Trump’s attack on the election wasn’t and isn’t a sideshow. As far as American democracy is concerned, this is the main show. A democracy at grave risk one day cannot be pronounced healthy the next. The precedents Trump has set, the doubts he has sown, and the claims he has made will linger. Restoring faith in the democratic process will take time and effort—and a favorable result is by no means guaranteed.
As I wrote during the 2016 campaign, when Trump was threatening to not accept a loss to Hillary Clinton, democracy depends on the consent of the losers. The capacity of candidates to lose gracefully—or, more specifically, to consent to the winning candidates’ right to govern, and to restrain themselves from stirring up grievances among their supporters—is at the core of democracy.
As the authors of Losers’ Consent, a 2005 survey of old and new democracies around the world, pointed out, it’s typical for the losers of an election to be dissatisfied with the results of the race and the democratic process that produced them. But assuming that the vote is free and fair, they wrote, functioning democracies are predicated on the recurrence of a subtle miracle each election cycle, one we tend to not appreciate until it’s missing: The losers overcome that “bitterness and resentment” and prove “willing, first, to accept the decision of the election and, second, to play again next time.”
At the moment they might be most tempted to subvert democratic institutions, the losers must instead recognize as legitimate a process that just yielded a bad outcome for them.
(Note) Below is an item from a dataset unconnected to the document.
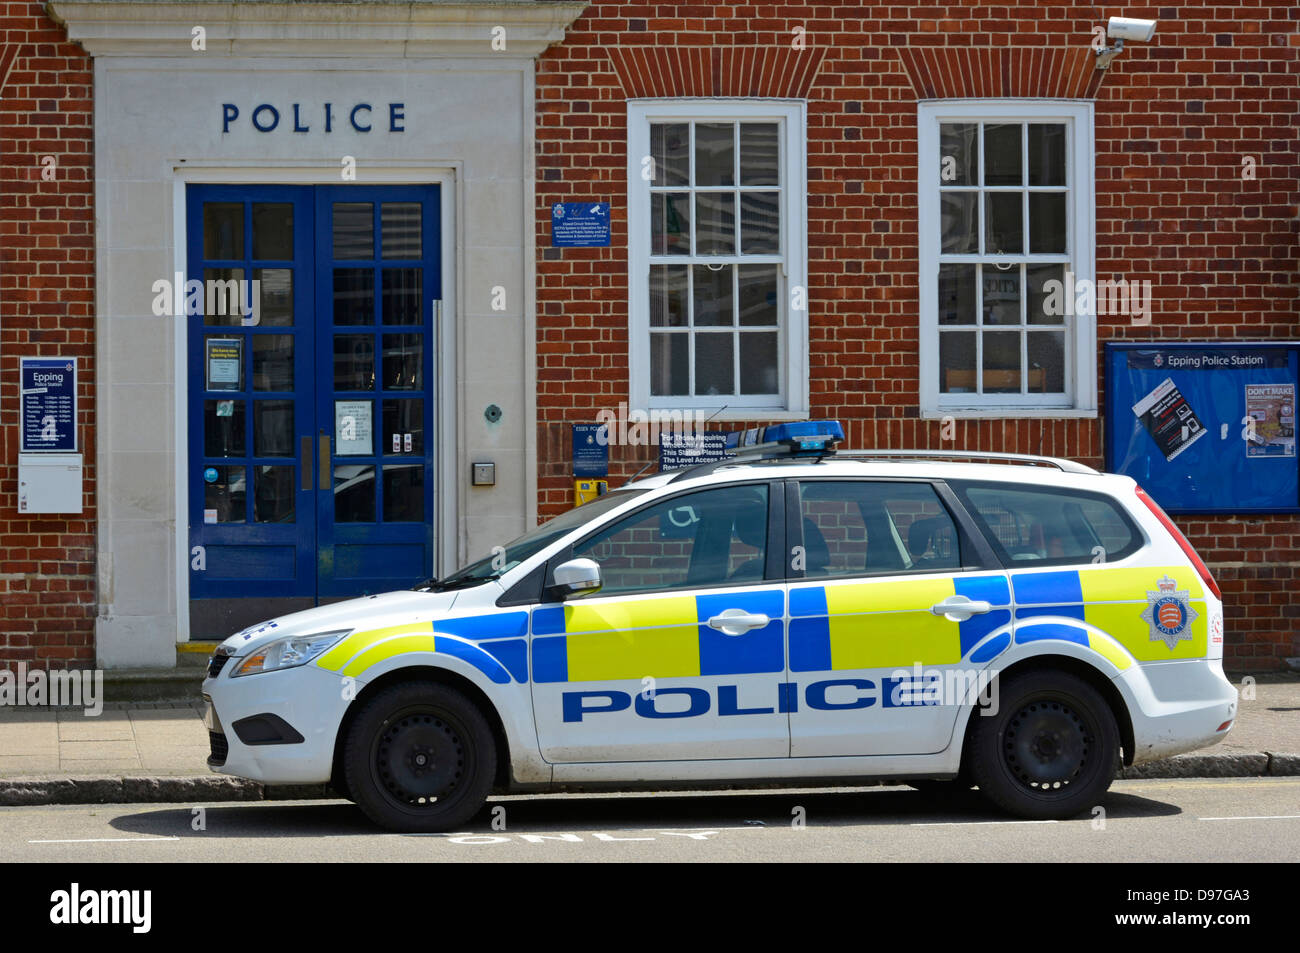 Essex constabulary Epping Police Station building side view of police car Battenburg Battenberg high-visibility emergency service markings England UK Stock Photo

Since winners have much more of an incentive to continue playing the democratic game than losers do, “losers are the crucial veto players of democratic governance,” the authors wrote.
When I spoke with him ahead of the Trump administration authorizing the transition, Shaun Bowler, one of the co-authors of Losers’ Consent and a political scientist at UC Riverside, told me that he assessed Trump’s refusal to concede as not mere noise but also signal. When a football team loses the Super Bowl, he noted, the defeated players don’t rough up the referees and denounce them and the opposing team as crooked. They don’t seize the cameras as a victorious player declares, “I’m going to Disney World!” and yell, “No, you’re going down!”
“If you don’t [have] respect for the rules of the game, you don’t play that game anymore,” he explained.
The commentators who discount Trump’s attacks on the election tend to argue that Trump is unique, and so his challenge to the democratic process is best seen as an isolated event. But just as the president’s America First worldview channeled a real current of thought in the United States about the country’s role in the world, even as it amplified and shaped those views, Trump’s particular challenge to democracy is rooted in broader discontents.